REQUIRED ACTION: Each line of the material must be reproduced exactly; pictures stay out.

─── INFORMATION SUPPLIED

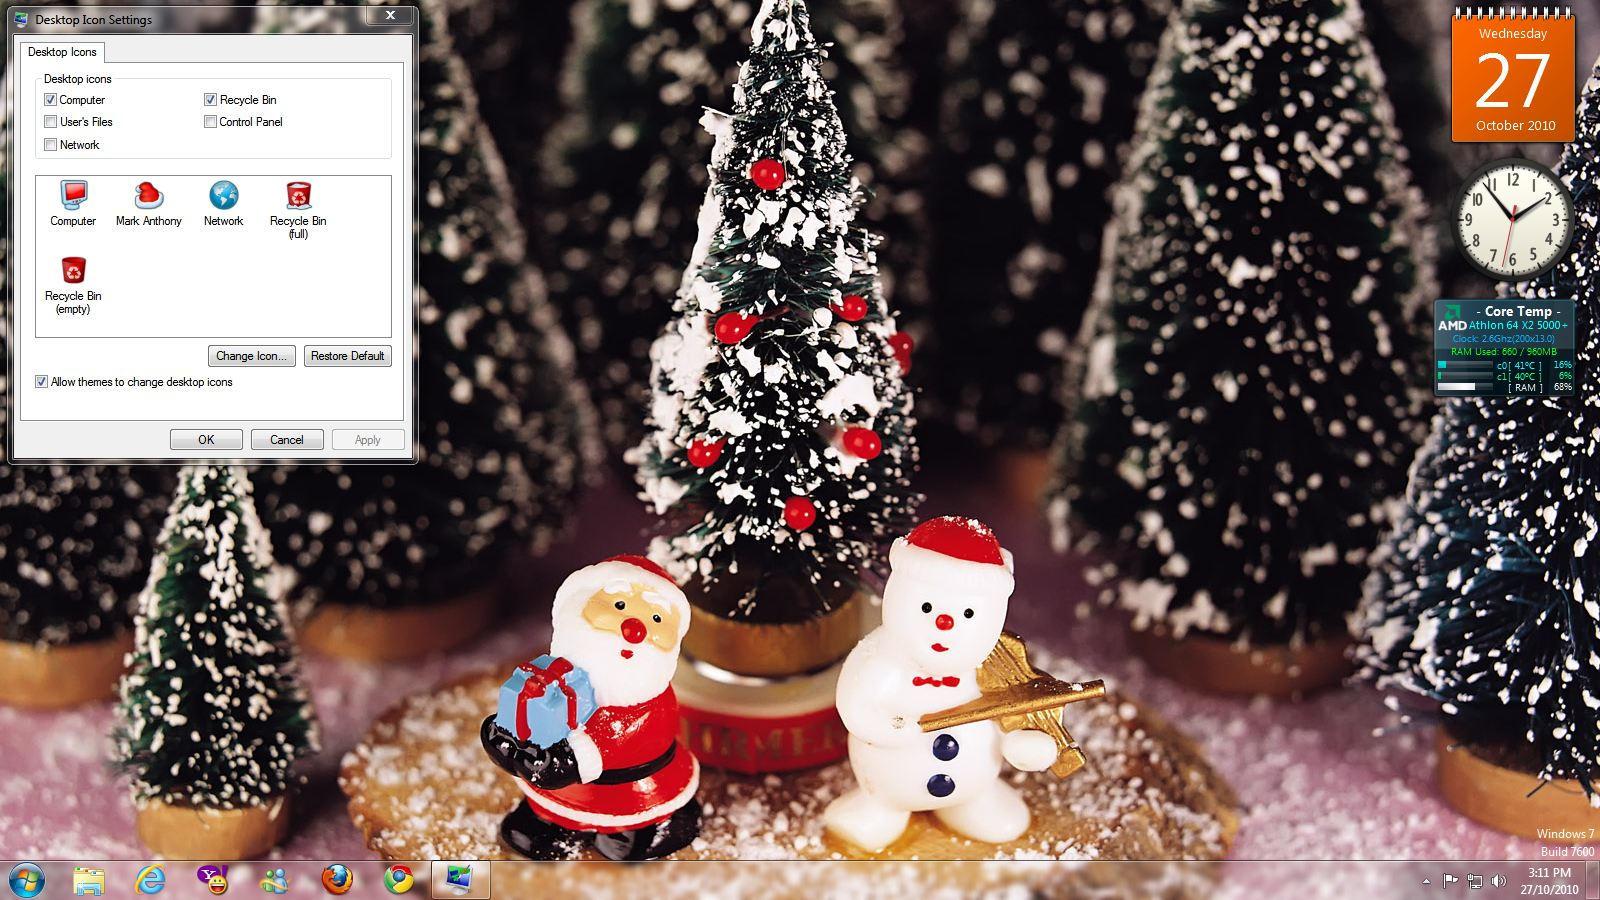 Windows 7 Christmas Theme by blackboy993
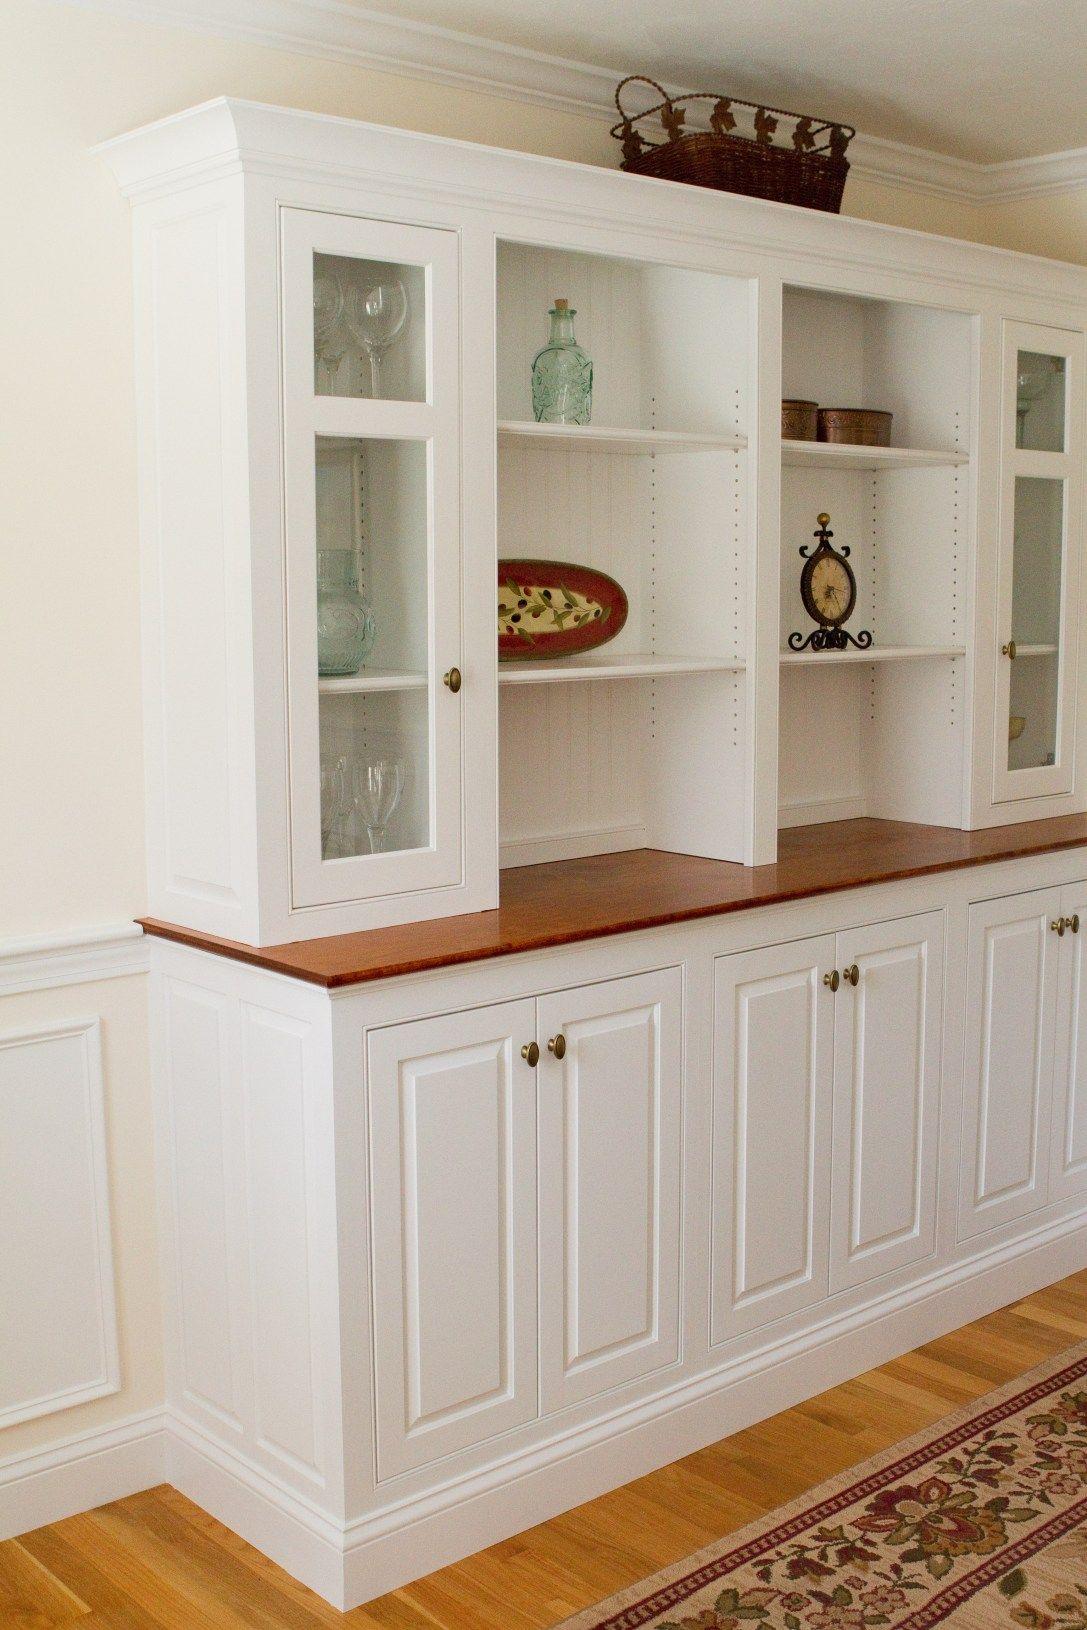 Dining Room Cabinet Cabinets Wikipedia4u
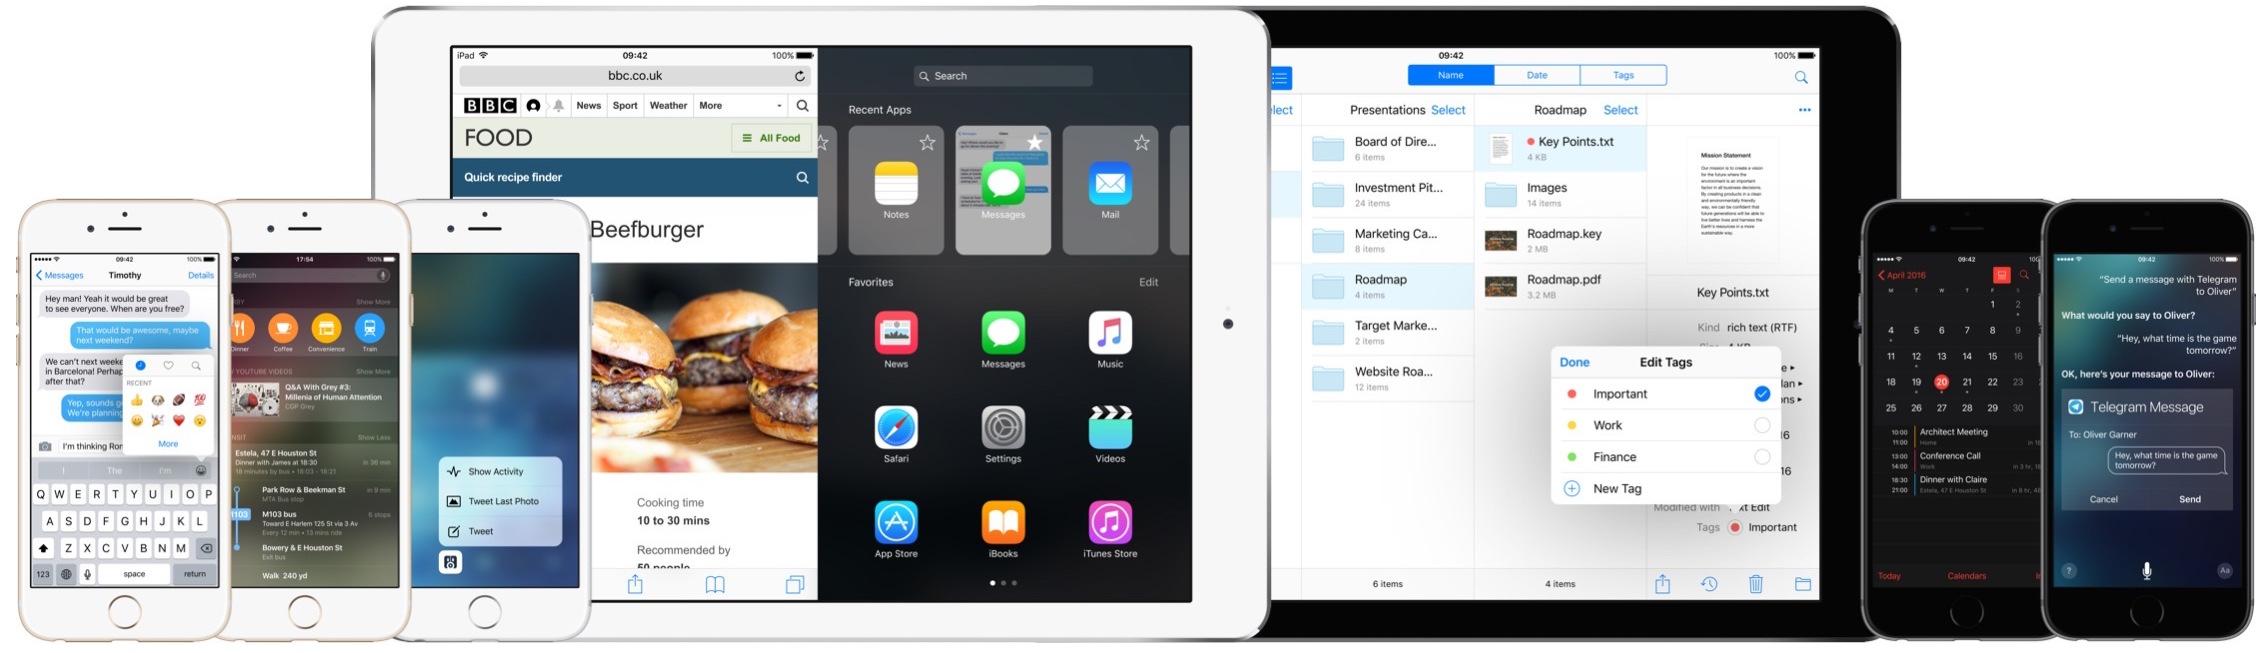 iOS 10 concept MacStories image 001
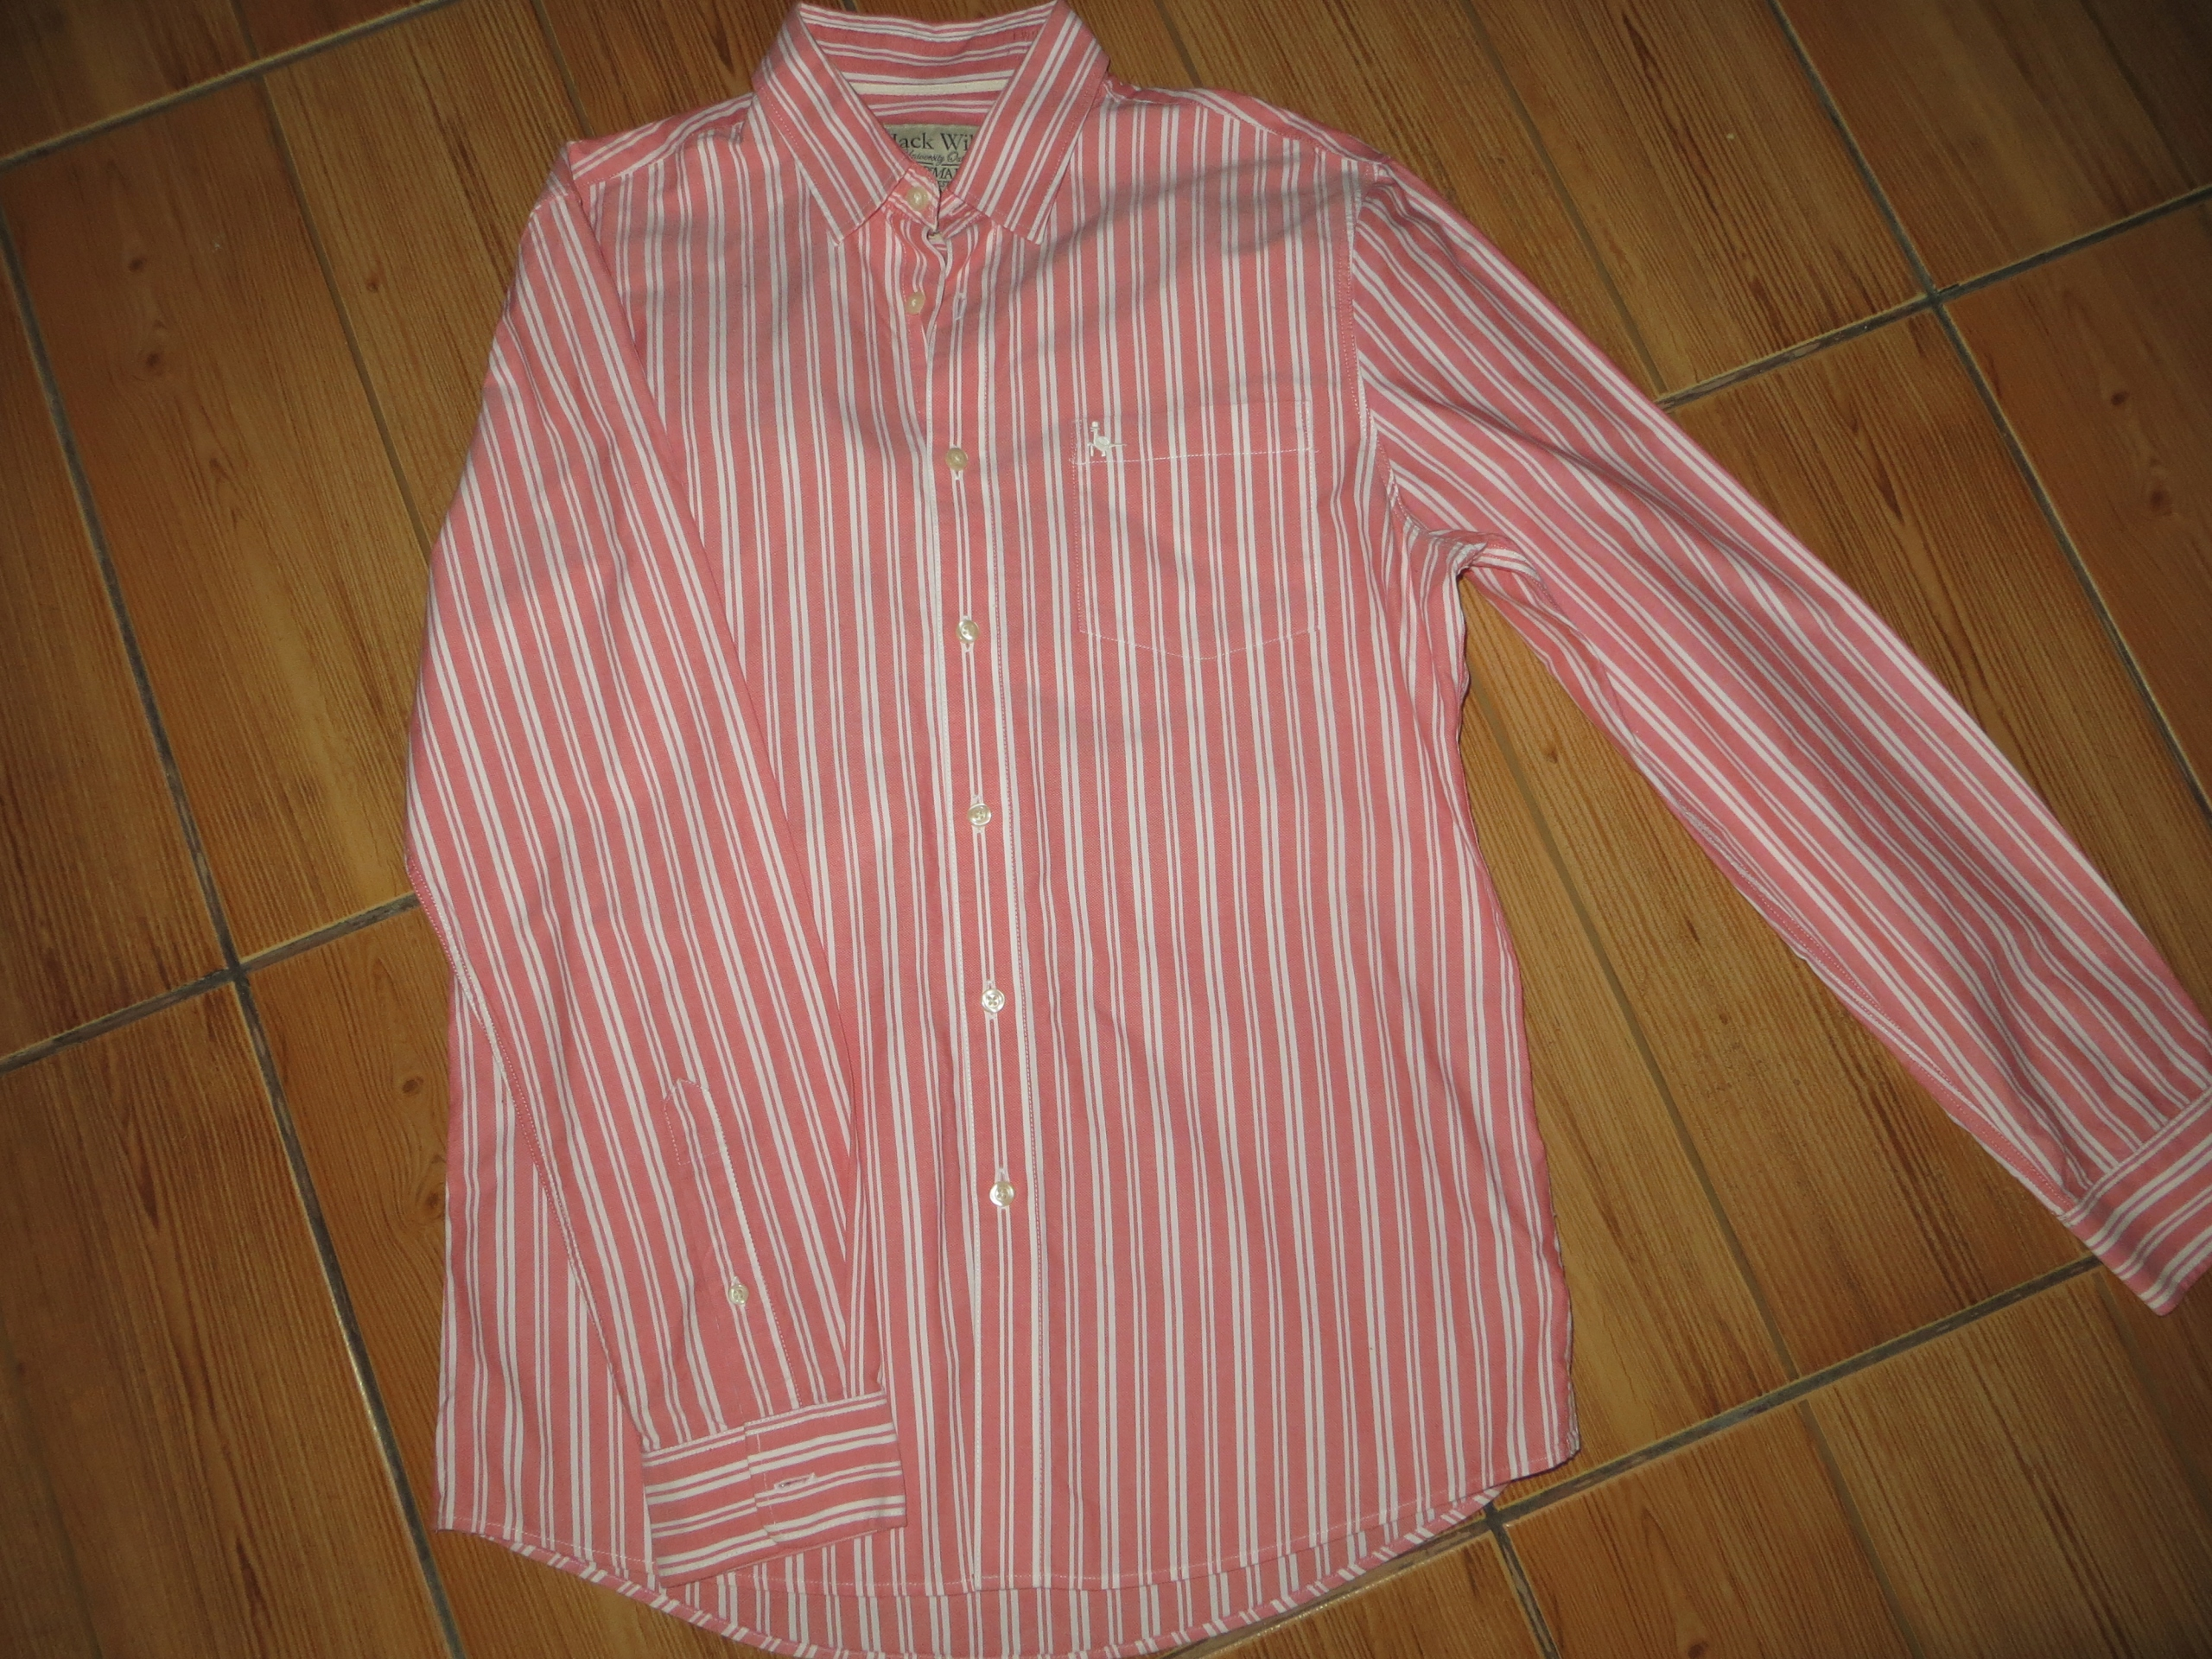 Koszula męska JACK WILLS rozmiar M

──────

EXPECTED ANSWER:
 Windows 7 Christmas Theme by blackboy993
 Dining Room Cabinet Cabinets Wikipedia4u
 iOS 10 concept MacStories image 001
 Koszula męska JACK WILLS rozmiar M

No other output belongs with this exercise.